INPUT DATA
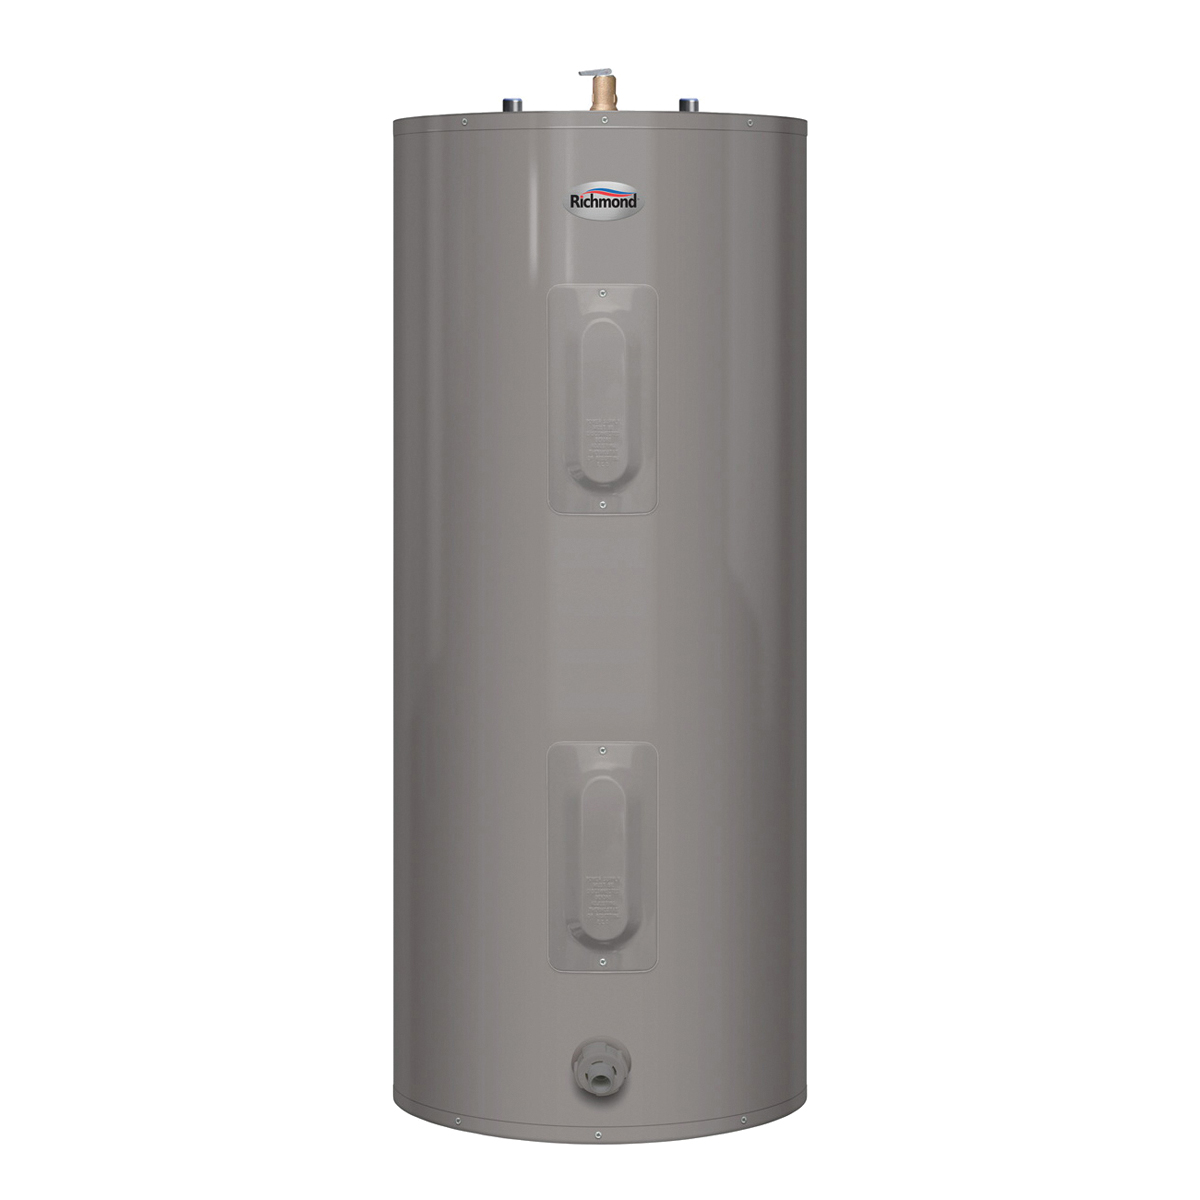 Essential Series 6EM30-D Electric Water Heater, 240 V, 4500 W, 30 gal Tank, 0.9 Energy Efficiency
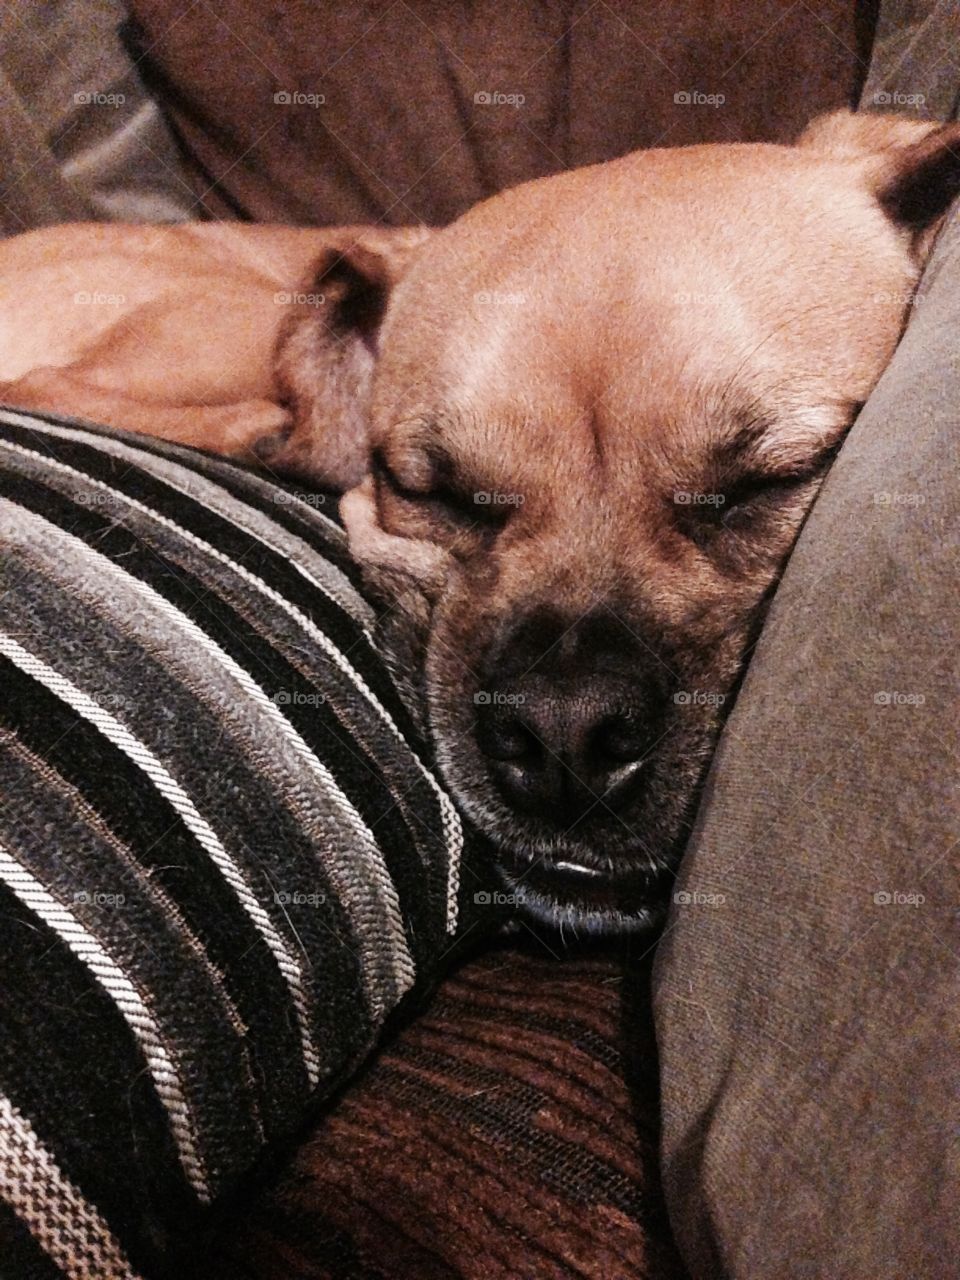 Sleeping pillow pug
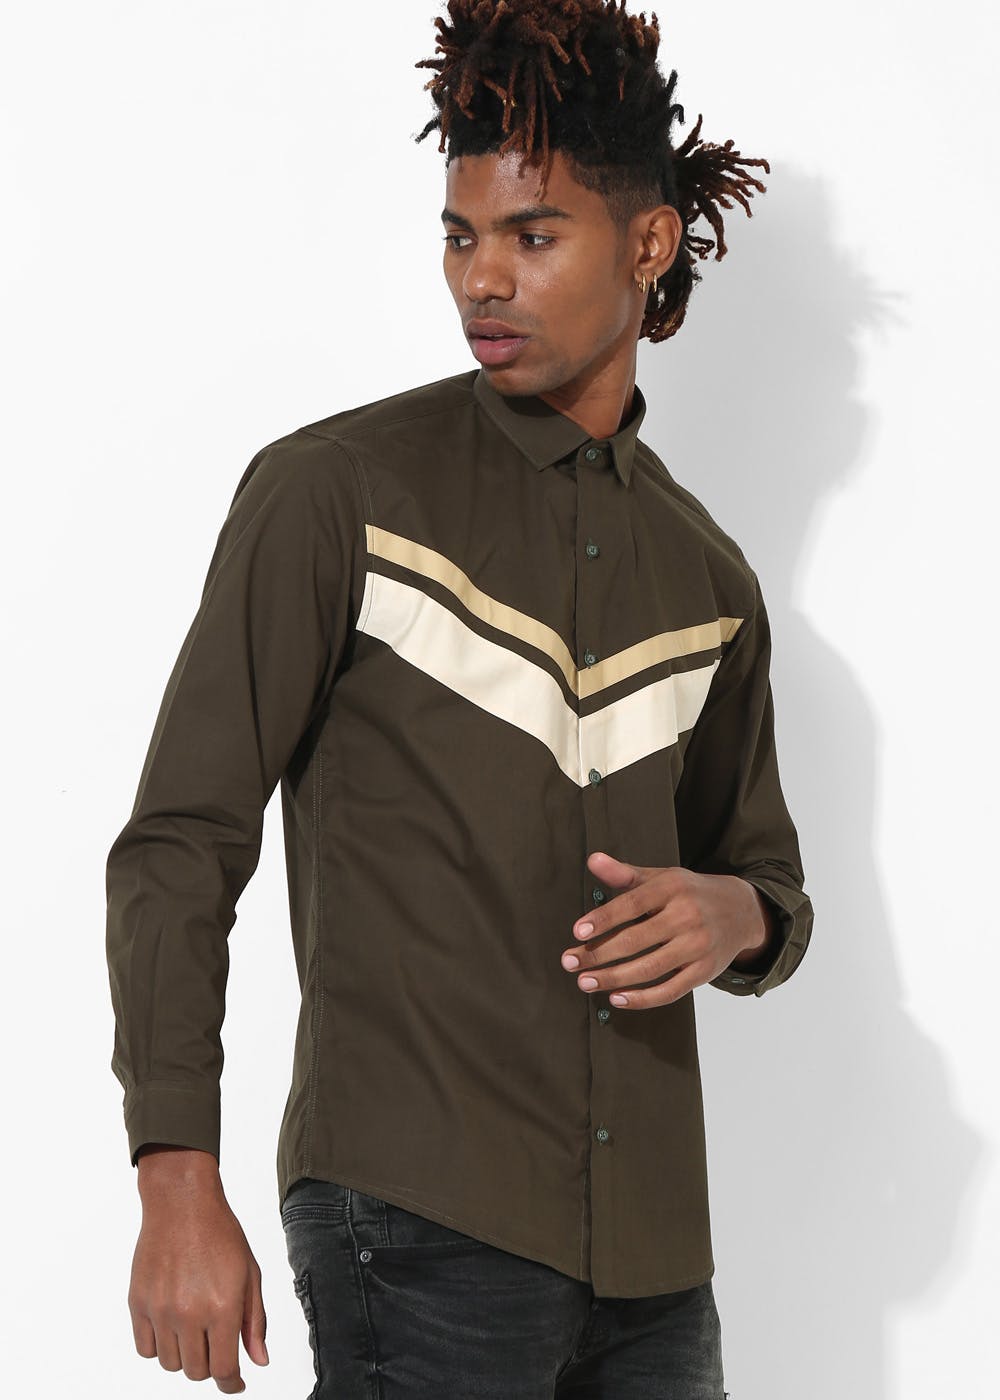 Get Two-Tone Contrast Diagonal Striped Shirt at ₹ 599 | LBB Shop
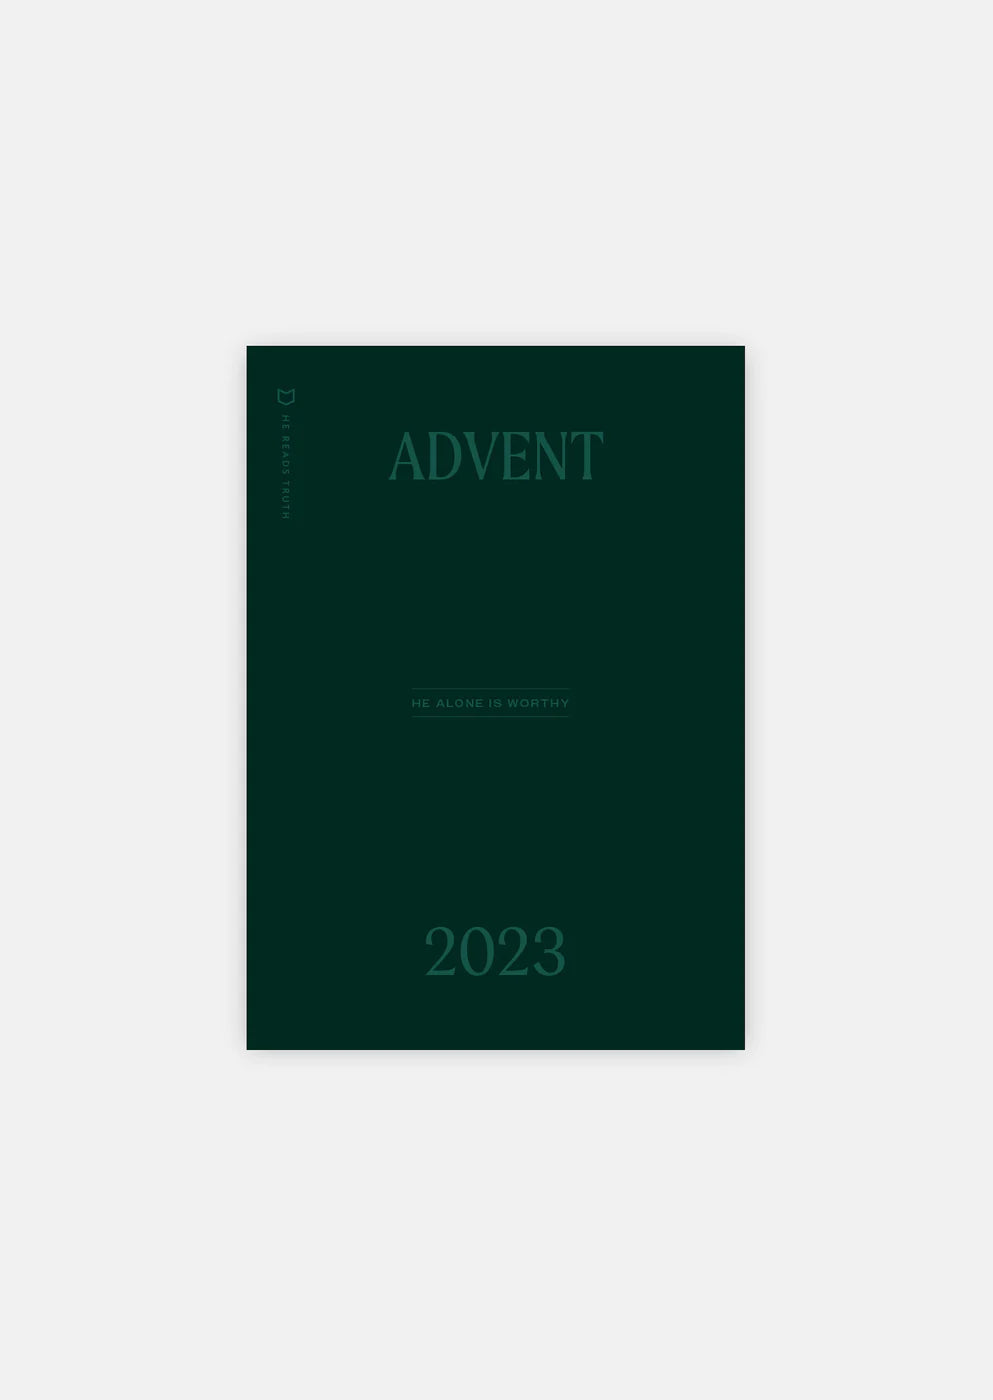 Advent | An Advent Season Bible Study for Men

GOAL OF THE EXERCISE
Starting at the line that contains "Get Two-Tone Contrast", please write out each line through the last line of the data, both ends included, and keep pictures out of the copy.

RESPONSE TO THIS EXERCISE
 Get Two-Tone Contrast Diagonal Striped Shirt at ₹ 599 | LBB Shop
 Advent | An Advent Season Bible Study for Men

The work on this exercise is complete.